View of the Colosseum from the Orti Farnesiani 1833
oil-paint, oil-on-canvas
oil-paint
landscape
romanticism
history-painting
academic-art
italian-renaissance
oil-on-canvas
Antoine-Félix Boisselier painted this View of the Colosseum from the Orti Farnesiani in oil on canvas. The romantic style of the image presents us with a magnificent ruin, viewed from the overgrown gardens on Palatine Hill. Painted in the first half of the 19th century, the image conjures a long history of European painters who travelled to Italy to see its famous ancient monuments. Boisselier presents the Colosseum as picturesque and sublime, but also empty of any social life. He chooses a viewpoint that is itself a relic of an aristocratic family, the Farnese. In its heyday, this garden was filled with classical sculpture, asserting the prestige of the family as patrons and collectors.
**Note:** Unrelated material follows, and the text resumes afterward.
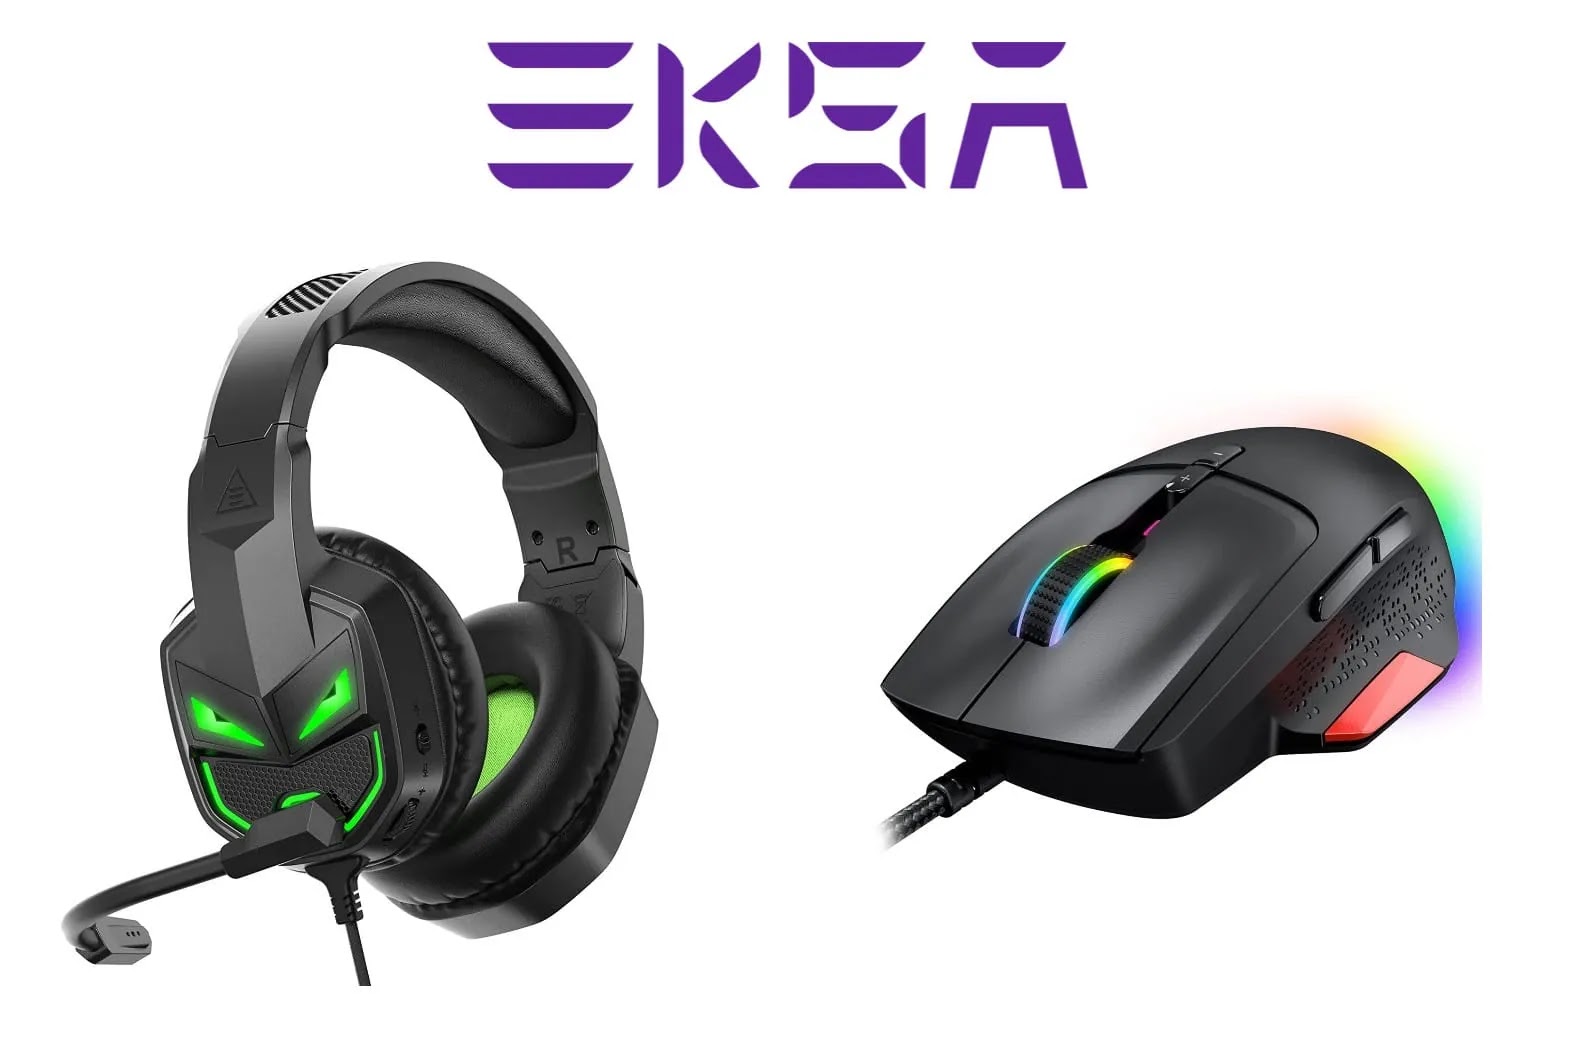 EKSA launches its Fenrir E7000 Gaming Headset and EM600 RGB Advanced PC Gaming Mouse for the ultimate gaming setup

Now, only a lone monk is present in the foreground. By choosing this vista, Boisselier connects the ancient Roman Empire, the aristocratic families of the Renaissance, and the contemporary tourist trade. We can use tourist guides, hotel lists and ship passenger records to further understand who was seeing these images, and what they meant to different social classes.
Comments
The virtues of heaven and earth merge in this luminous landscape, as a monk sits on an overturned capital (top of a column), repurposed as a place to rest. In the distance, the brilliant midday light envelops the ruins of the Colosseum and the Arch of Titus, reminders of the glory of ancient Rome. The monk’s mind is elsewhere, perhaps absorbed in daily prayers. He’s a Capuchin, identified by his light-brown robe with a small hood, called a cappuccino. Urban legend has it that the popular coffee drink is named after the color of the robe.